Murphy and Coleman instantly read his reluctance to get involved in what was still - at the time - a "very amateurish" system. But, assuring him that he'd be "pushing an open door", they finally persuaded Hennessy to begin rewriting the DNA of Irish rugby.
"Murphy and Coleman wanted to produce a generation of our own coaches, right across the support staff," he remembers now. "They were like Babs.
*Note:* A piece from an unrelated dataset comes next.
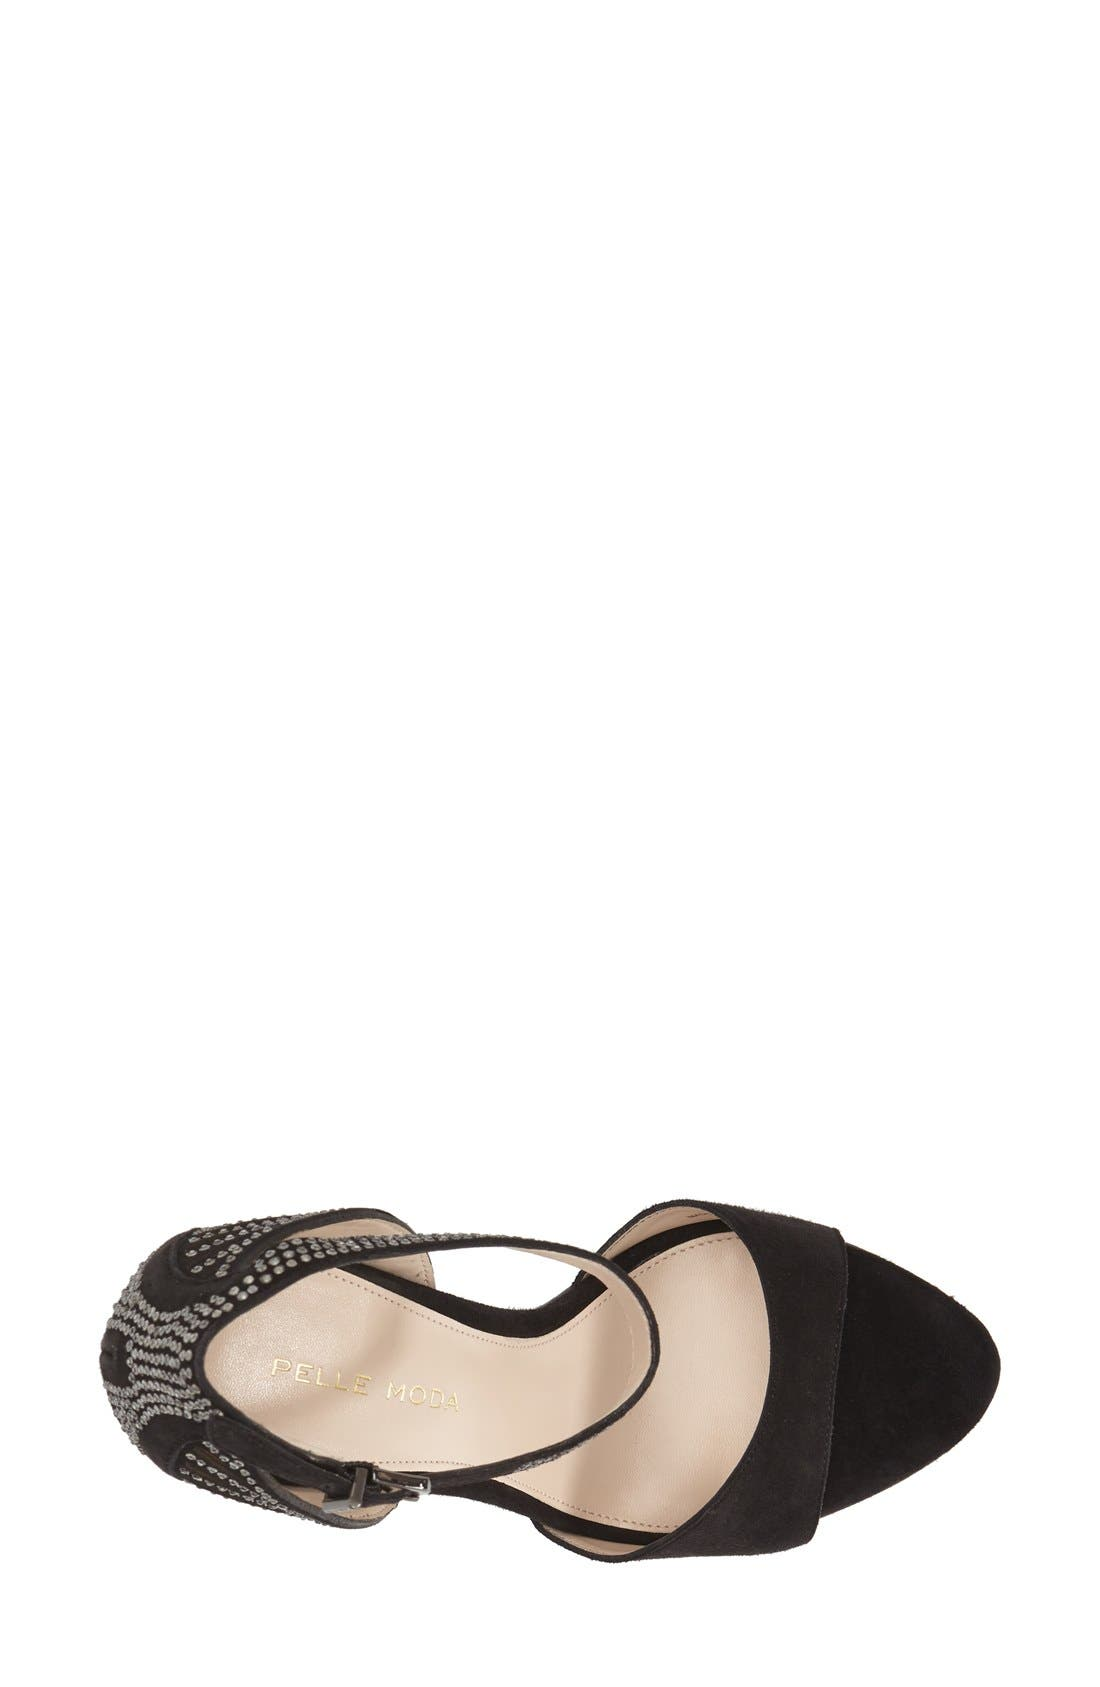 'Fenton' Ankle Strap Sandal,                             Alternate thumbnail 8, color,

Ahead of their time."
Hennessy was, by now, already into a working relationship with golfer Pádraig Harrington too that survives to this day. And he would, in time (2007), set up the distance-learning institution, Setanta College.
Of all the athletes he has worked with, it's clear Harrington holds a special place.
"The greatest athlete that I've been involved with," he says categorically. "His longevity is just phenomenal. In most sports, you might have a ten-year window to produce the goods, but Pádraig is extending that to 30 years at this stage.
"Why? Because I haven't seen anybody else with his capacity for work. It's the physical and mental combined. Put it this way, Pádraig was squatting more and hang-cleaning more than any professional Irish rugby player during the period '03 to '09. He could lift more than any of them.
"When I started working with him back in the '90s, I quickly realised this guy's tolerance for work was far greater than any of the rugby players I was dealing with at the time. Or any footballer's.
"I mean I've a photo of him up in Stackstown in the late '90s, wearing what I call 'the monkey suit', connected to all these reflectors that are doing a 3D analysis of his swing. This lady came over from Texas to show us how to use it.
"He was the first athlete in Western Europe to use a vibration platform, the first athlete in Western Europe to use a whole body cryotherapy chamber. Pádraig's understanding of the golf swing is informed by 25 years of using technology and growing with it.
"He's used everything in the book. Not the book of golf. The book of anything."
As he speaks, Hennessy - suddenly - is up from the table, rolling off the balls of his feet, mimicking some mechanical revelation.
It is as if he, the physiologist, takes energy from simply bearing witness to Harrington's otherworldly capacity for work.
Just talking about Harrington, something shifts inside of him.
"You know something?" he says, smiling now.
"Pádraig bridges the gap between the art and the science. Some sports people are just art, without any real structure. Others are too scientific. But he has this great filter system.
"He's as good as any sports scientist. And he's as good as any coach who relies on instinct. I've never seen anyone else like him."